MEXICO’S CENTRAL BANK GOING DIGITAL

MEXICO’S CENTRAL BANK GOING DIGITAL

The Bank of Mexico will launch its own digital currency within two years in an attempt to bring more people out of the country’s dominant all-cash economy and into the nation’s financial system, the administration of Mexican president Manuel Lopez Obrador announced on 5 January.

The informal economy accounts for about 22 percent of Mexico’s GDP, according to The Wall Street Journal.

The bank will expand the nation’s current electronic payments system to include a digital currency “under a rapid, safe, and efficient framework,” the bank said in its own announcement.

The central bank’s initiative follows a June comment by Mexican billionaire Ricardo Pliego that his Banco Aztecabecome would be the first bank in the country to accept Bitcoin as currency.

In response, the Bank of Mexico, the finance ministry, and regulators emphasized that Bitcoin and cryptocurrencies are not legal tender in the country and that banks are banned from dealing in them.

“Although they can be exchanged, [cryptos] do not fulfill the function of money, as their acceptance as a form of payment is limited and they aren’t a good reserve or value reference,” the officials said in a statement.
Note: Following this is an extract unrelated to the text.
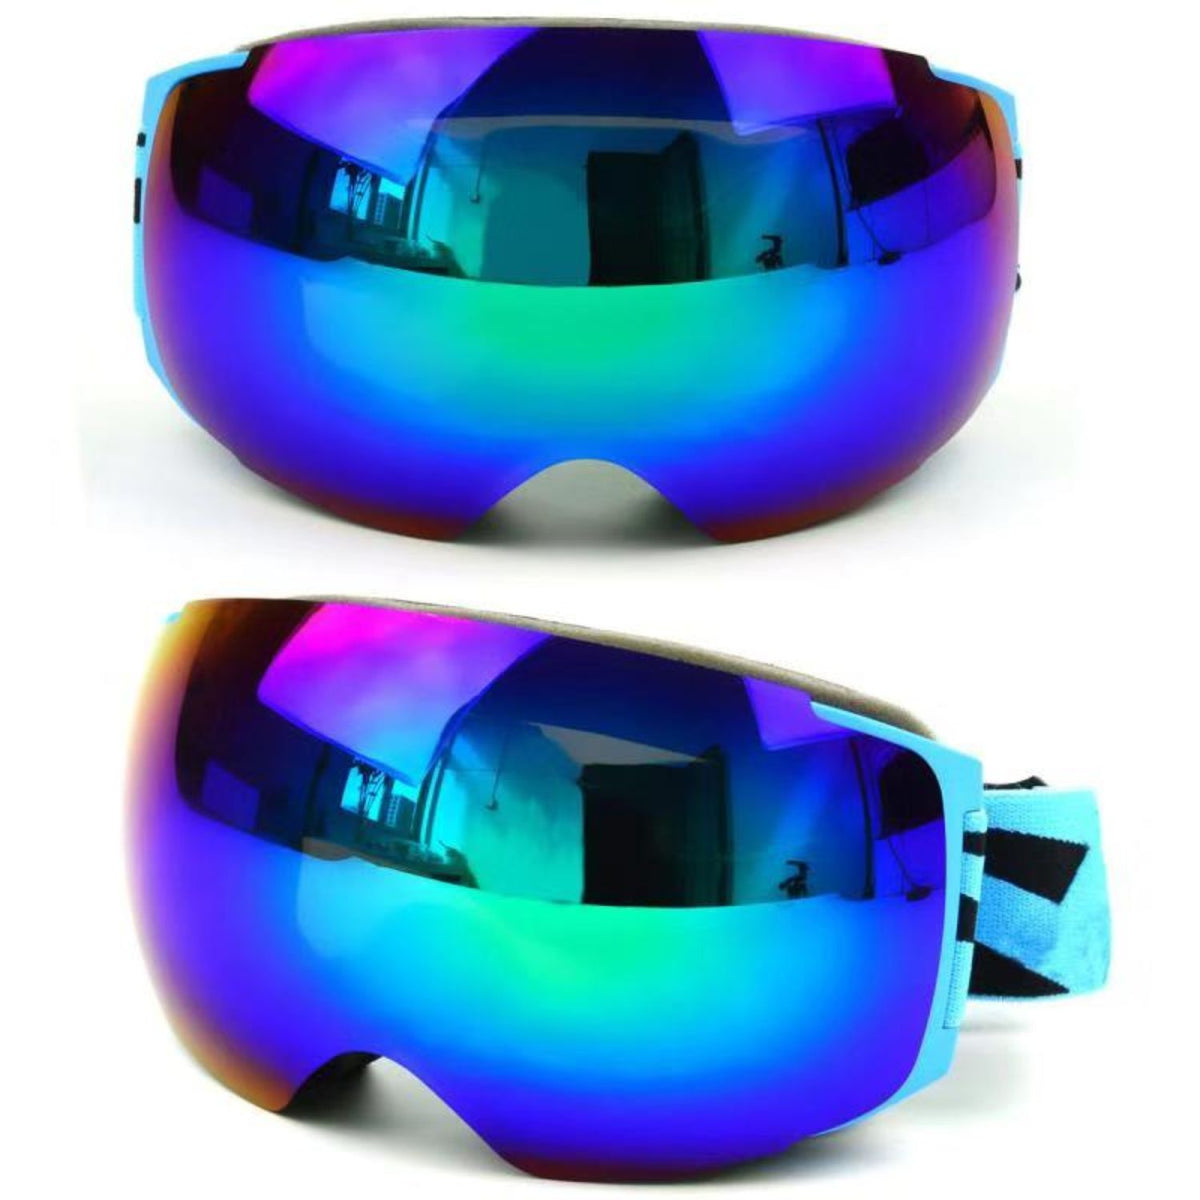 SG02 - Outdoor Ski Snowboard Goggles for Men and Women UV Protection - Iris Fashion Inc. | Wholesale Sunglasses and Glasses

The following month, Bank of Mexico governor Alejandro Diaz de Leon said that central banks must speed development of national digital currencies to counter the spread of private cryptos and the risks they carry.

The Switzerland-based Bank for International Settlements, now led by former Bank of Mexico governor Agustin Carstens, found in a survey last year that 86 percent of central banks were studying the prospects of a national digital currency, 60 percent were testing relevant technologies, and 14 percent were running pilot tests.

Last June , El Salvador became the first nation to recognize Bitcoin as legal tender (“El Salvador Recognizes Bitcoin as Cash,” 15 Jun 2021).

TREND FORECAST: As we forecast 18 months ago in “It’s Official: Dirty Cash to Digital Trash” (28 Jul 2020), so they can track every penny spent, where you spent it and what you spent it on—and they can get their tax revenue—governments will replace hard cash with digital currencies.  

Many of the world’s central banks are developing, testing, or launching national digital currencies. In February 2021, the Bank for International Settlements surveyed 65 central banks and found that 85 percent were actively working to issue a digital currency, as we noted in “Look Who’s Minting Digital Currency Now or in the Near Future,” (16 Feb 2021).

China has led with its digital yuan, now available throughout its capital city (“China Goes Full Digital Yuan In Beijing,” 29 Jun 2021), and New York City will rise to prominence as a new center of digital finance, one of our “Top 2022 Trends.”